Displays examples where the model misclassified the input.  
Helps analyze common errors and model limitations.


In [None]:
print("\nExamples of wrong predictions:\n")
wrong_indices = np.where(y_pred != y_test)[0]
for i in wrong_indices[:5]:
    original_idx = test_indices[i]
    true_label = index_to_label[y_test[i]]
    pred_label = index_to_label[y_pred[i]]
    text_sample = df.loc[original_idx, "clean_text"]
    print(f"Text (truncated): {text_sample[:100]}...")
    print(f"True label: {true_label}")
    print(f"Predicted label: {pred_label}\n")

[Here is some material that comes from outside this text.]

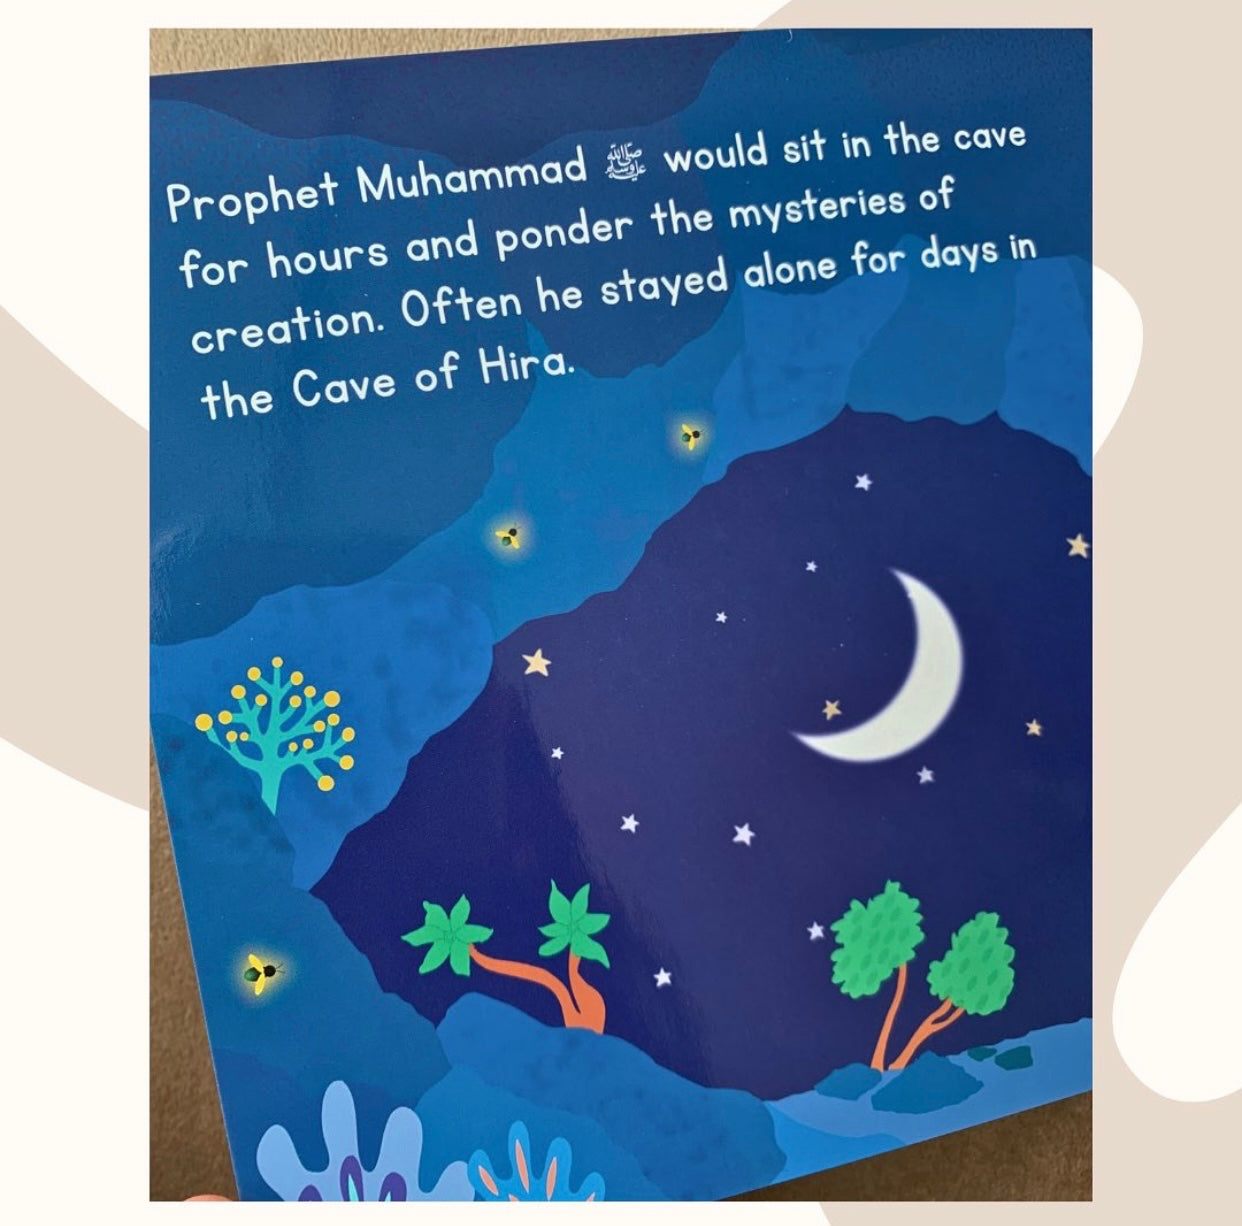 Prophet Muhammad, The Messenger of Allah

Examples of wrong predictions:

Text (truncated): صلل وطن اقم فرق وعي بشر صلل خدم صرف صحي ندة عرف شرع صرف صحي صلل وذل درس خول بنت حكم علم عام صبح يوم ...
True label: economy
Predicted label: local

Text (truncated): برء من اجد حرز قبل دكتور حسن بن سعد كشب عمد كلة برء رحل ونس رضا حاج حمد الذي زار كلة صبح امس وتأ هذه...
True label: sports
Predicted label: local

Text (truncated): قعد بين ما هي همي درس ونع درس عتبرم اسس عمل و لها هدف مهم وهم انه تبن قعد بين يمكن عليها وضع خطة راد...
True label: local
Predicted label: economy

Text (truncated): هيماء من خلف بن صلح درع عقد نصر بن عبدالل عبر دير درة ربي علم نطق سطى ؤخر جمع ثني دير درس نطق لهذا ع...
True label: local
Predicted label: local

Text (truncated): كتب سلم رحب عرض فرق زون سرح خلل شرك في دور ربع هرج دلف سرح جمع ارد سرح حقق والتي الف عمد شنفر خرج وس...
True label: culture
Predicted label: local



## Conclusion

This task demonstrated a deep learning approach to Arabic text classification using an LSTM model.  
Key observations:

- The LSTM network was able to capture sequence-based features in Arabic texts.
- Performance was reasonable, though slightly below that of transformer-based models like AraBERT.
- The model remains simpler and lighter, which can be beneficial in low-resource environments.